WORKSHOPS AND COMMENTS GALORE HAVEN'T FIXED MMS ROYALTY PROPOSAL

History says much about the US Minerals Management Service proposal to change oil valuation for calculating the federal royalty on production from federal and Indian leases.
Jan. 21, 2000
3 min read

History says much about the US Minerals Management Service proposal to change oil valuation for calculating the federal royalty on production from federal and Indian leases.

Correctly observing that modernization of the oil market had made old valuation methods obsolete, MMS on Dec. 20, 1995, issued notice of its intent to make changes and solicited comments.

On Jan. 24, 1997, it published an initial notice of proposed rulemaking, which called for valuation based on futures prices and Alaskan spot prices.

A stunned industry responded that the proposed valuation method would be no more valid and much less practicable than the existing method, based on postings. The industry agreed that postings had become less valid than before as value indicators and recommended that MMS take its royalty in kind to ensure it received fair value for the oil. The market modernization that invalidated postings also made a royalty-in-kind scheme feasible, the industry said.

That's the starting place: no disagreement over the need to change valuation procedures; disagreement over how to change. The industry said the government's proposal wouldn't work and offered a counterproposal. The government said the counterproposal would cost it money.

From that starting place in January 1997, the issue has plodded along an interesting path.

MMS twice extended the comment period for its initial proposed rulemaking and held public meetings in Lakewood, Colo., and Houston.

It published a supplementary proposed role on July 3, 1997, for which it closed the comment period the following Aug. 4. In response to the comments, it reopened the rulemaking to public comment on Sept. 22, 1997, seeking information on five valuation alternatives. It extended that comment period, during the course of which it held seven public workshops (Houston twice; Lakewood; Bakersfield, Calif.; Casper, Wyo.; Roswell, NM; and Washington, DC).

On Feb. 6, 1998, MMS published a second supplementary proposed rule, this one for federal leases only. It again extended the comment period, which included workshops in Houston, Washington, Lakewood, Bakersfield, and Casper.

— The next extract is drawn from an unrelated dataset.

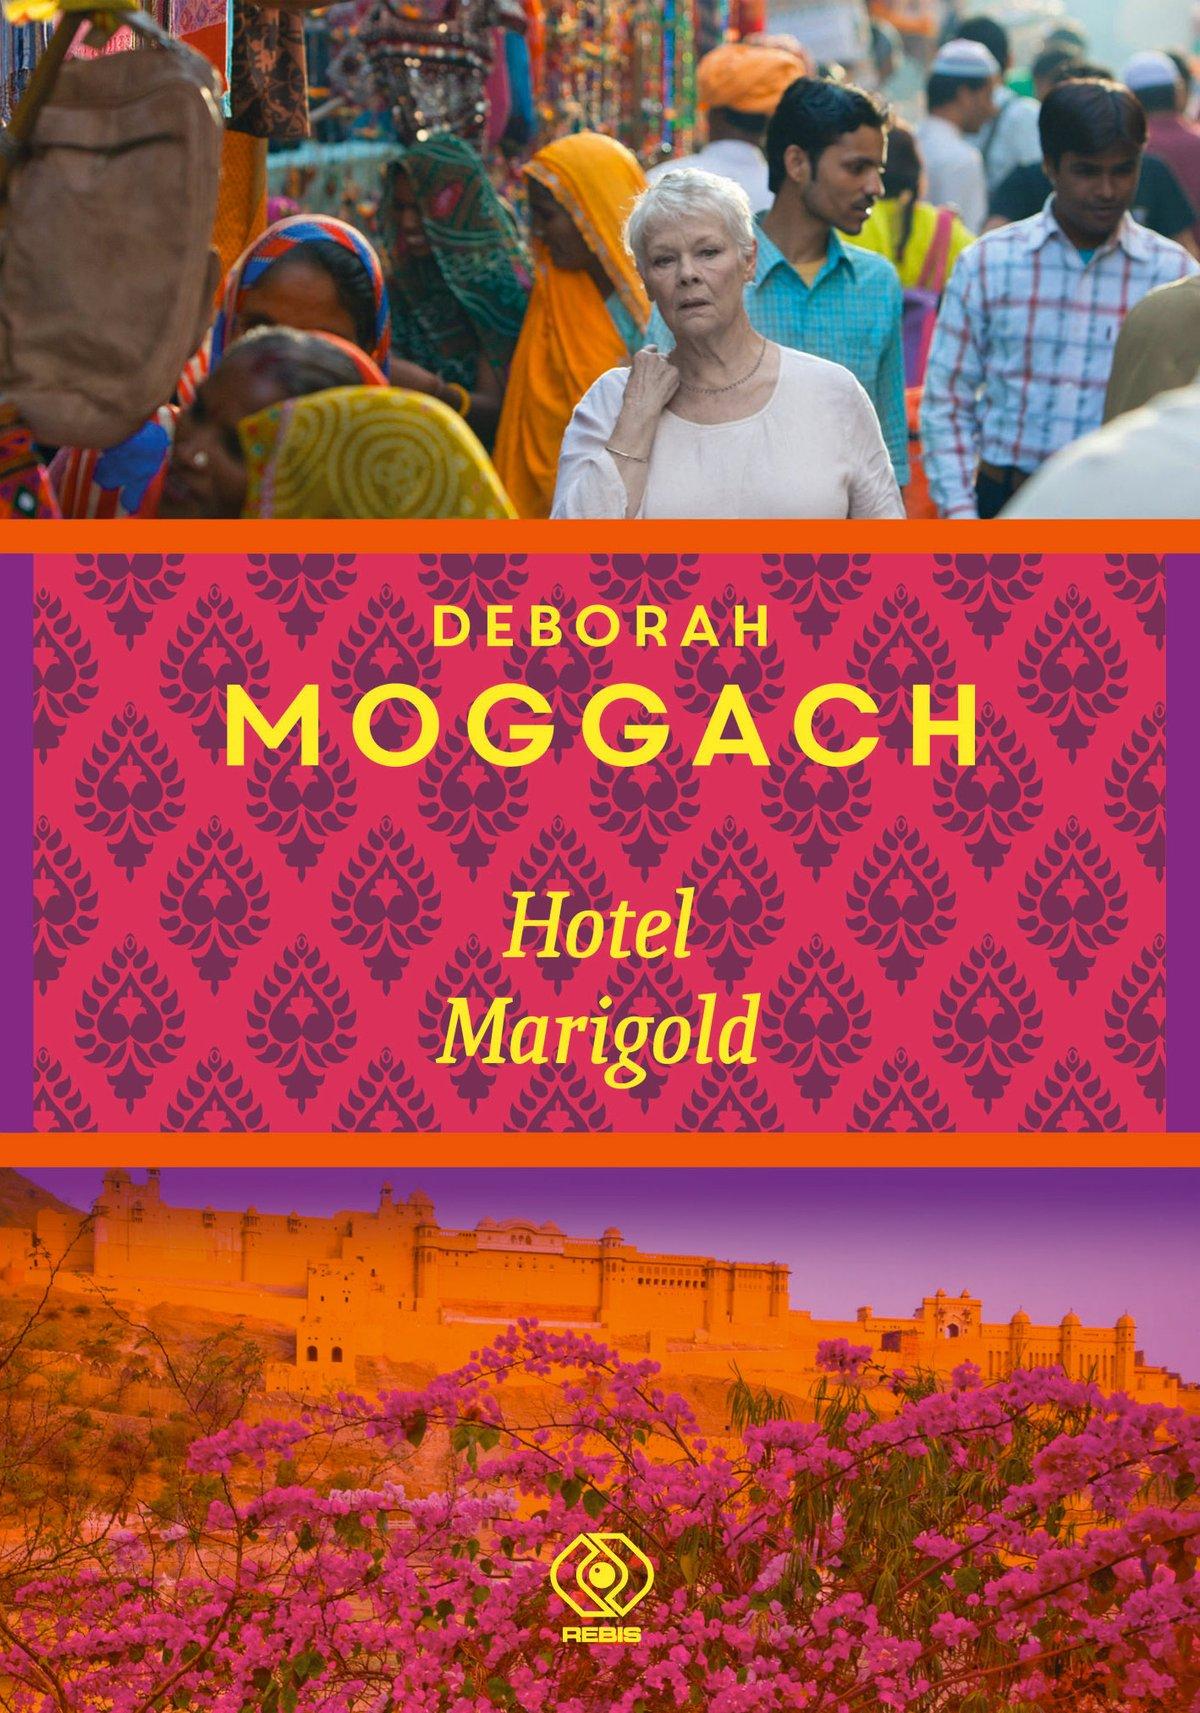 Hotel Marigold - Ebook (Książka EPUB) do pobrania w formacie EPUB

At the request of an interested senator, MMS reopened the comment period and held two public meetings.

On July 16, 1998, the agency published another supplementary proposal clarifying changes it intended to make in its final rule. On July 21, it received additional comments in meetings sponsored by two members of the House of Representatives. It again extended the comment period to July 31 for comments on responses it published to industry comments on its proposal, as amended and supplemented.

By then, MMS was responding to requests for explanations of its intentions and directions on the issue from Congress, which passed a moratorium on implementation of a final rule until things were sorted out. The federal budget enacted on Oct. 8, 1998, for the Department of Interior, of which MMS is part, extended the moratorium until June 1, 1999.

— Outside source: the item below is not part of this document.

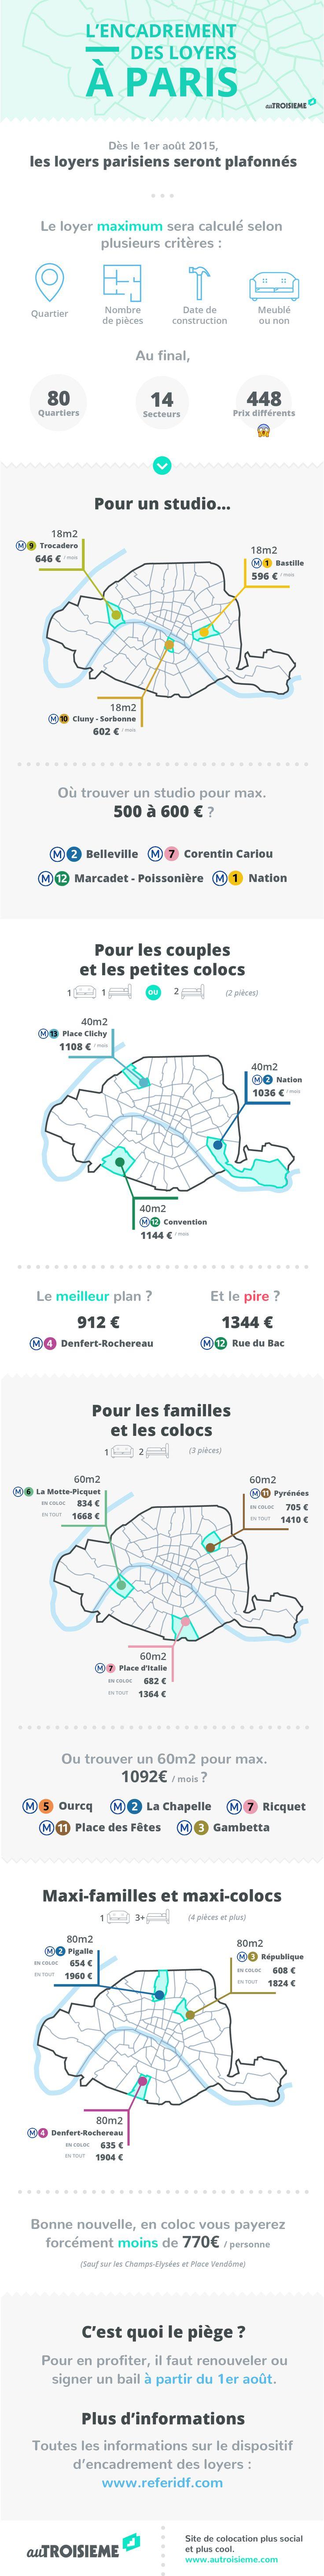 Encadrement des loyers à Paris à partir du 1er août 2015

In response to requests from Congress, the Interior Secretary on Mar. 4, 1999, reopened the comment period. MMS scheduled more workshops-in Houston, Albuquerque, and Washington. Then it extended the comment period until Apr. 27.

Last November, Congress and the White House reached a compromise that blocked the final rule until March.

On Dec. 30, 1999, MMS resubmitted its proposed rule with further changes and is taking comments until Jan. 31.

The new proposal doesn't meaningfully address the industry's core objections to the MMS valuation proposal.

Industry officials now openly discuss taking the issue to court.

They might as well. Workshops and public comments haven't fixed the MMS mistake.